Returns the processed waveform as an `xr.DataArray`.
This is useful if you want to analyze or manipulate the waveform itself before spectrogram generation.
- `preprocessor.compute_spectrogram(waveform)`: Takes an _already loaded_ waveform (either `np.ndarray` or `xr.DataArray`) and applies _only_ the spectrogram generation steps defined in the `spectrogram` config.
- If you provide an `xr.DataArray` (e.g., from `load_clip_audio`), it uses the sample rate from the array's coordinates.
- If you provide a raw `np.ndarray`, it **must assume a sample rate**.
It uses the `default_samplerate` that was determined when the `preprocessor` was built (based on your `audio` config's resample settings or the global default).
Be cautious when using NumPy arrays to ensure the sample rate assumption is correct for your data!
```python
# Example: Get waveform first, then spectrogram
waveform = preprocessor.load_clip_audio(my_clip)
# waveform is an xr.DataArray
# ...potentially do other things with the waveform...
# Compute spectrogram from the loaded waveform
spectrogram = preprocessor.compute_spectrogram(waveform)
# Example: Process external numpy array (use with caution re: sample rate)
# import soundfile as sf # Requires installing soundfile
# numpy_waveform, original_sr = sf.read("some_other_audio.wav")
# # MUST ensure numpy_waveform's actual sample rate matches
# # preprocessor.default_samplerate for correct results here!
# spec_from_numpy = preprocessor.compute_spectrogram(numpy_waveform)
```
## Understanding the Output: `xarray.DataArray`
All preprocessing methods return the final spectrogram (or the intermediate waveform) as an **`xarray.DataArray`**.

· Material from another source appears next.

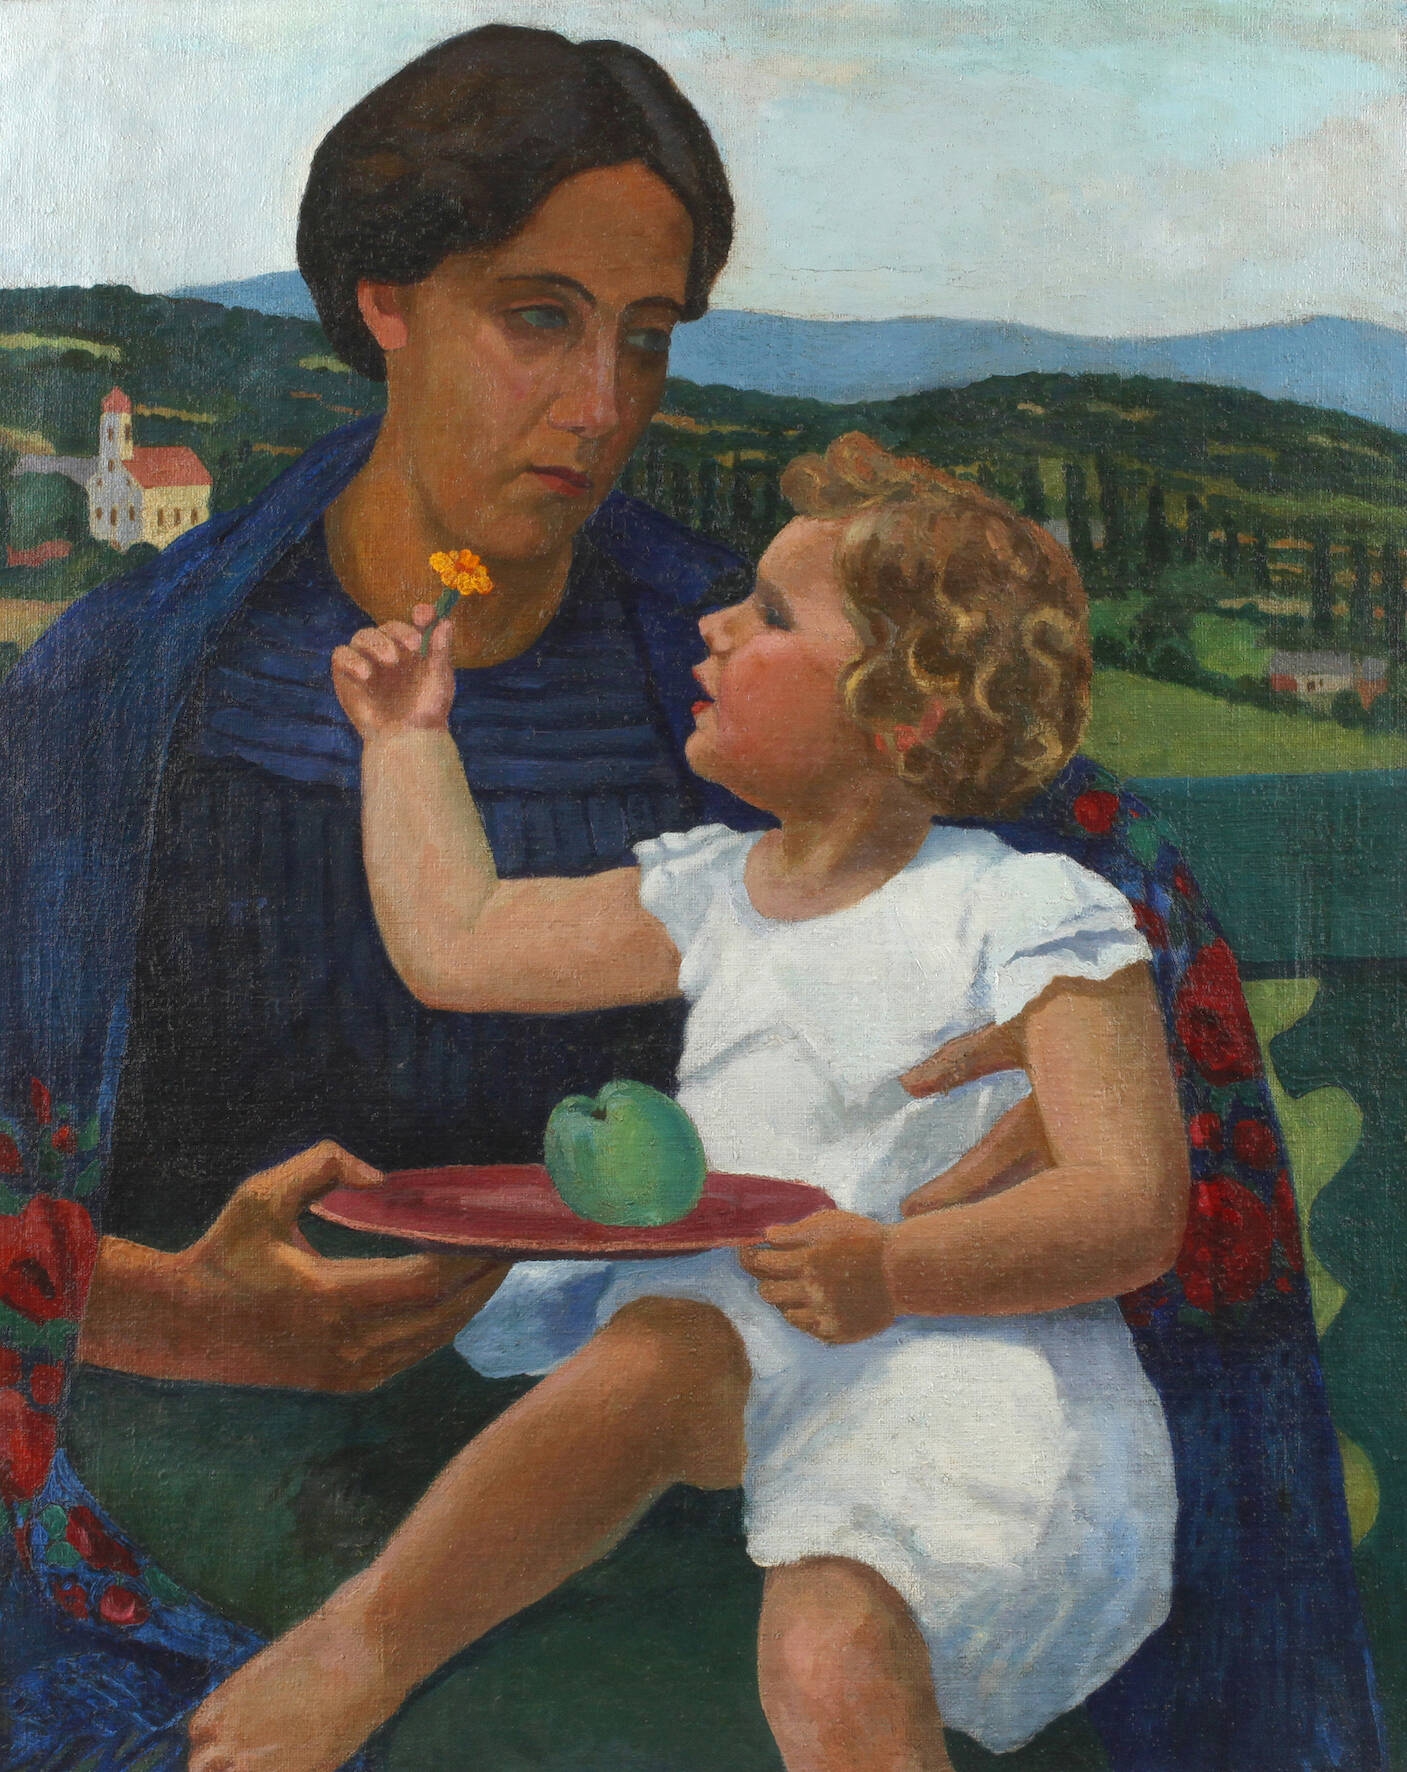 Mutter mit Kind by József Bató, 1910

**What is it?** Think of it like a standard NumPy array (holding the numerical data of the spectrogram) but with added "superpowers":
- **Labeled Dimensions:** Instead of just having axis 0 and axis 1, the dimensions have names, typically `"frequency"` and `"time"`.
- **Coordinates:** It stores the actual frequency values (e.g., in Hz) corresponding to each row and the actual time values (e.g., in seconds) corresponding to each column along the dimensions.
**Why is it used?**
- **Clarity:** The data is self-describing.
You don't need to remember which axis is time and which is frequency, or what the units are it's stored with the data.
- **Convenience:** You can select, slice, or plot data using the real-world coordinate values (times, frequencies) instead of just numerical indices.
This makes analysis code easier to write and less prone to errors.
- **Metadata:** It can hold additional metadata about the processing steps in its `attrs` (attributes) dictionary.
**Using the Output:**
- **Input to Model:** For standard training or inference, you typically pass this `xr.DataArray` spectrogram directly to the BatDetect2 model functions.
- **Inspection/Analysis:** If you're working programmatically, you can use xarray's powerful features.
For example (these are just illustrations of xarray):
```python
# Get the shape (frequency_bins, time_bins)
# print(spectrogram.shape)
# Get the frequency coordinate values
# print(spectrogram['frequency'].values)
# Select data near a specific time and frequency
# value_at_point = spectrogram.sel(time=0.5, frequency=50000, method="nearest")
# print(value_at_point)
# Select a time slice between 0.2 and 0.3 seconds
# time_slice = spectrogram.sel(time=slice(0.2, 0.3))
# print(time_slice.shape)
```
In summary, while BatDetect2 often handles preprocessing automatically based on your configuration, the underlying `Preprocessor` object provides a flexible interface for applying these steps programmatically if needed, returning results in the convenient and informative `xarray.DataArray` format.